Interpretable Neural Networks with PyTorch

Learn how to build feedforward neural networks that are interpretable by design using PyTorch.

Interpretable Neural Networks With PyTorch
Photo by Jan Schulz # Webdesigner Stuttgart on Unsplash


There are several approaches to rate machine learning models, two of them being accuracy and interpretability. A model with high accuracy is what we usually call a good model, it learned the relationship between the inputs X and outputs y well.

If a model has high interpretability or explainability, we understand how the model makes a prediction and how we can influence this prediction by changing input features. While it is hard to say how the output of a deep neural network behaves when we increase or decrease a certain feature of the input, for a linear model it is extremely easy: if you increase the feature by one, the output increases by the coefficient of that feature. Easy.

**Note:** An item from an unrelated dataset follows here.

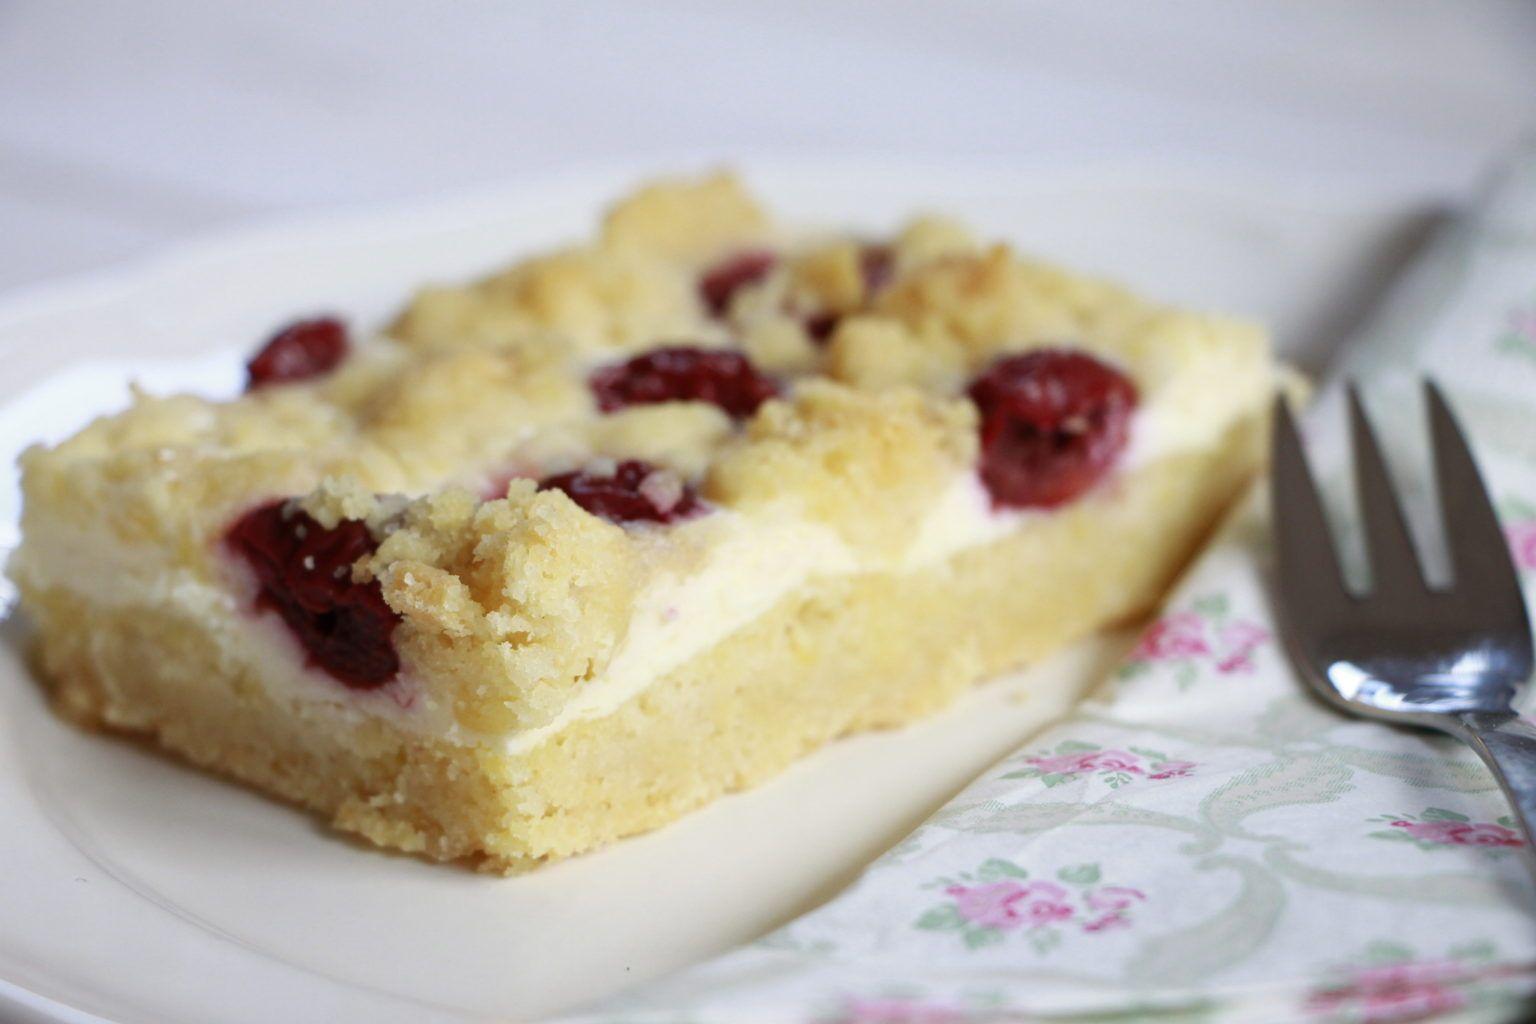 Schnelles Rezept Kirsch Streuselkuchen Mit Quark Streuselkuchen Mit Kirschen Quark Streuselkuchen Streusel Kuchen

Now, you have probably often heard something like this:

“There are interpretable models an there are well-performing models.” — someone who doesn’t know it better

However, if you have read my article about the Explainable Boosting Machine (EBM), then you already know that this is not true. The EBM is an example of a model that has a great performance while being interpretable.

The Explainable Boosting Machine

For my old article, I created the following figure displaying how we can place some models in the interpretability-accuracy space.

Interpretable Neural Networks With PyTorch
Image by the author.


In particular, I placed the deep neural networks (omitting the deep) more in the very accurate, but hard to explain region. Sure, you can mitigate the interpretability issue to some extent by using libraries like shap or lime, but these approaches come with their own set of assumptions and problems. So, let us take another path and create a neural network architecture that is interpretable by design in this article.

Disclaimer: The architecture that I am about to present just came to my mind. I do not know if there is literature about it already, at least I could not find anything. But if you know of any paper that does what I am doing here, please let me know! I will put it in the references then.


Interpretable Architecture Idea

Please note that I expect that you know how feedforward neural networks work. I will not give a full introduction here because there are many great resources about it already.

Consider the following toy neural network, having three input nodes x₁, x₂, x₃, a single output node ŷ, and three hidden layers with six nodes each. I omitted bias terms here.

Interpretable Neural Networks With PyTorch
Image by the author.


The problem with this architecture for interpretability is that the inputs get all completely mixed together because of the fully connected layers. Each single input node influences all hidden layer nodes, and this influence gets more complicated the deeper we go into the network.


Inspiration by Trees

It is usually the same for tree-based models because a decision tree can potentially use every feature to create a split if we do not restrict it. For example, standard gradient boosting and its derivations like XGBoostLightGBM, and CatBoost are not really interpretable on their own.

However, you can make gradient boosting interpretable by using decision trees that only depend on a single feature, as done with the EBM (read my article about it! ????).

Restricting the trees like this does not hurt the performance too much in many cases, but enables us to visualize the feature impacts like this:

Interpretable Neural Networks With PyTorch
The output of interpretml’s show function. Image by the author.


Just take a look at the top part of the graphic with the blue line. It shows the impact of feature_4 on the output in some regression problem. On the x-axis, you can see the range of feature_4. The y-axis shows the Score, which is the value by how much the output is changed. The histogram below shows you the distribution of feature_4.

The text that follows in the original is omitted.